Even if you are not a professional golf fan (and most certainly if you are), you may have heard that there is a new golf league called LIV Golf.
As described on its website, LIV’s “new eight event series will take place from June – October 2022 across North America, Europe, Middle East, and Asia. It is an opportunity to reinvigorate golf through a structure that adds value to the entire sport while helping to bring new audiences to the game through a cutting-edge entertainment product.”
LIV Golf is financed by the Saudi Arabian Public Investment Fund (“PIF”), one of the largest sovereign wealth funds in the world, Because of this, as well as certain recent events in Saudi Arabia, LIV Golf has generated a substantial amount of controversy even though PIF also has made substantial investments in many companies including Cummins, FedEx, Pinterest, Uber, Visa and Walmart. (See here for PIF’s most recent Form 13F filing with the SEC).
Controversy aside, the question arises whether golfing legend Greg Norman (pictured – the CEO of LIV Golf Investments) as well as others associated with LIV are Saudi “foreign officials” under the Foreign Corrupt Practices Act given how that key element of the FCPA’s anti-bribery provisions has been interpreted by the DOJ and SEC.
It seems odd to even contemplate the question as the FCPA’s legislative history is clear that Congress had in mind bona fide, traditional government officials such as Presidents and Prime Ministers when enacting the FCPA approximately 45 years ago.
There is no doubt that the enforcement agencies would consider PIF to be an instrumentality of the Saudi Arabian government.
For instance, in the 2020 Goldman Sachs FCPA enforcement action, the DOJ alleged:
“1Malaysia Development Berhad (“1MDB”) was a strategic investment and development company wholly owned by the Government of Malaysia through its Ministry of Finance (“MOF”).
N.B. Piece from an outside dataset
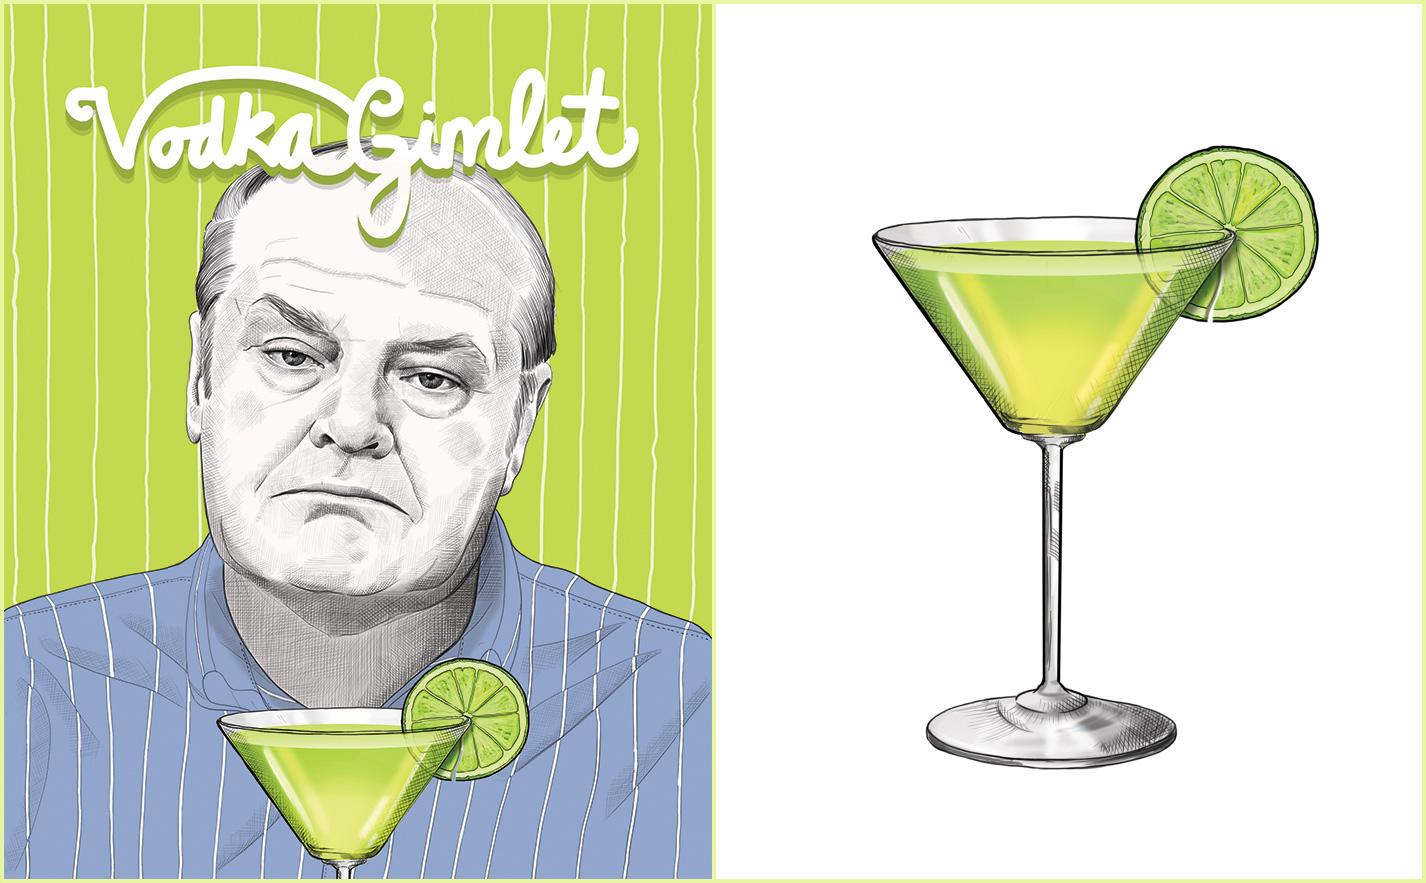 Vodka Gimlet Recipe - Jack Nicholson

It was formed in or about 2009 to pursue investment and development projects for the economic benefit of Malaysia and its people, primarily relying on debt to fund these projects. 1MDB was overseen by senior Malaysian government officials, was controlled by the Government of Malaysia and performed a function on behalf of Malaysia. During the relevant time period, 1MDB was an “instrumentality” of a foreign government, as that term is used in the FCPA.”
International Petroleum Investment Company (“IPIC”) was an investment fund wholly owned by the Government of Abu Dhabi. It was established by the Government of Abu Dhabi and was overseen by senior Abu Dhabi government officials, was controlled by the Government of Abu Dhabi and performed a government function on behalf of Abu Dhabi. During the relevant time period, IPIC was an “instrumentality” of a foreign government, as that term is used in the FCPA.”
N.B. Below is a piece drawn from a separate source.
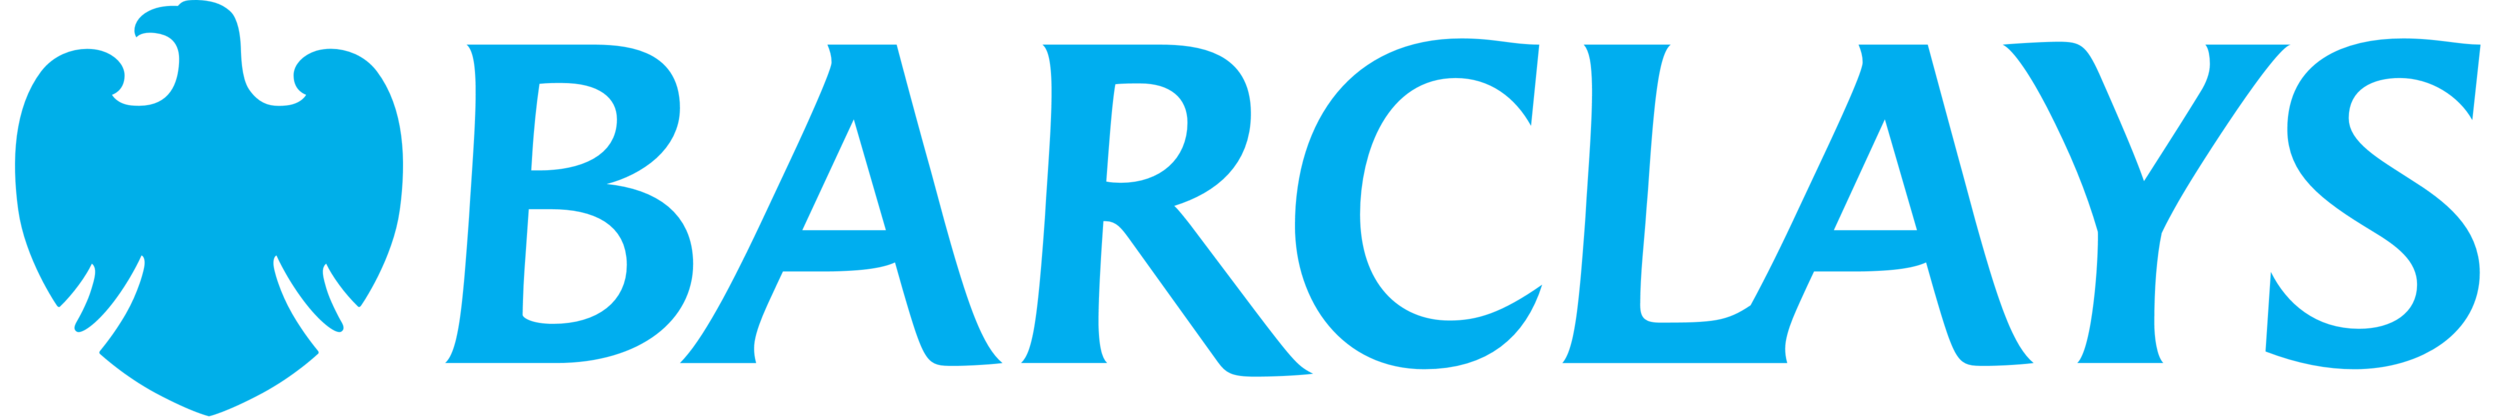 Barclays_logo_logotype.png

Aabar Investments PJS (“Aabar”) was a private joint stock company incorporated under the laws of Abu Dhabi, and a subsidiary of IPIC. During the relevant time period, Aabar was an “instrumentality” of a foreign government, as that term is used in the FCPA.”
Even though the 11th Circuit’s Esquenazi “foreign official” decision was flawed in many respects (see here), in the decision (the only appellate court decision to ever substantively address the FCPA’s “foreign official” element) the court stated:
An “instrumentality” under … the FCPA is an entity controlled by the government of a foreign country that performs a function the controlling government treats as its own. Certainly, what constitutes control and what constitutes a function the government treats as its own are fact-bound questions. It would be unwise and likely impossible to exhaustively answer them in the abstract. Because we only have this case before us, we do not purport to list all of the factors that might prove relevant to deciding whether an entity is an instrumentality of a foreign government. For today, we provide a list of some factors that may be relevant to deciding the issue.
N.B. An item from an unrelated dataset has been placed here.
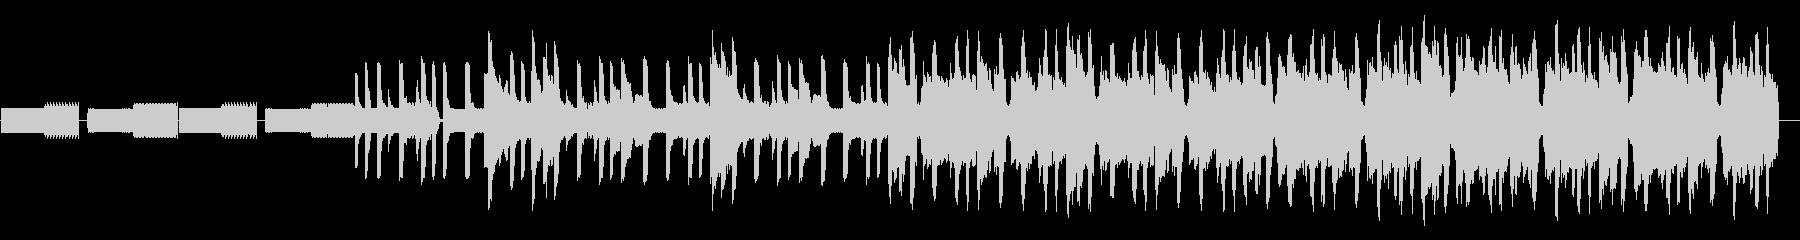 8bitリフのループとコミカルなシンセの未再生の波形

To decide if the government “controls” an entity, courts and juries should look to the foreign government’s formal designation of that entity; whether the government has a majority interest in the entity; the government’s ability to hire and fire the entity’s principals; the extent to which the entity’s profits, if any, go directly into the governmental fisc, and, by the same token, the extent to which the government funds the entity if it fails to break even; and the length of time these indicia have existed.
We then turn to the second element relevant to deciding if an entity is an instrumentality of a foreign government under the FCPA — deciding if the entity performs a function the government treats as its own. Courts and juries should examine whether the entity has a monopoly over the function it exists to carry out; whether the government subsidizes the costs associated with the entity providing services; whether the entity provides services to the public at large in the foreign country; and whether the public and the government of that foreign country generally perceive the entity to be performing a governmental function.”
Returning to the question headlining this post, LIV Golf is financed by the PIF. Does this make employees of LIV Golf – including executives such as Norman – Saudi “foreign officials”?
Does the PIF – and by extension the Saudi government as per the enforcement theory – have the “ability to hire and fire [LIV] principals”?
Does “the public [and the Saudi government] generally perceive [LIV] the entity to be performing a government function”?
All interesting questions to ponder given the dubious interpretation currently given to the FCPA’s “foreign official” element.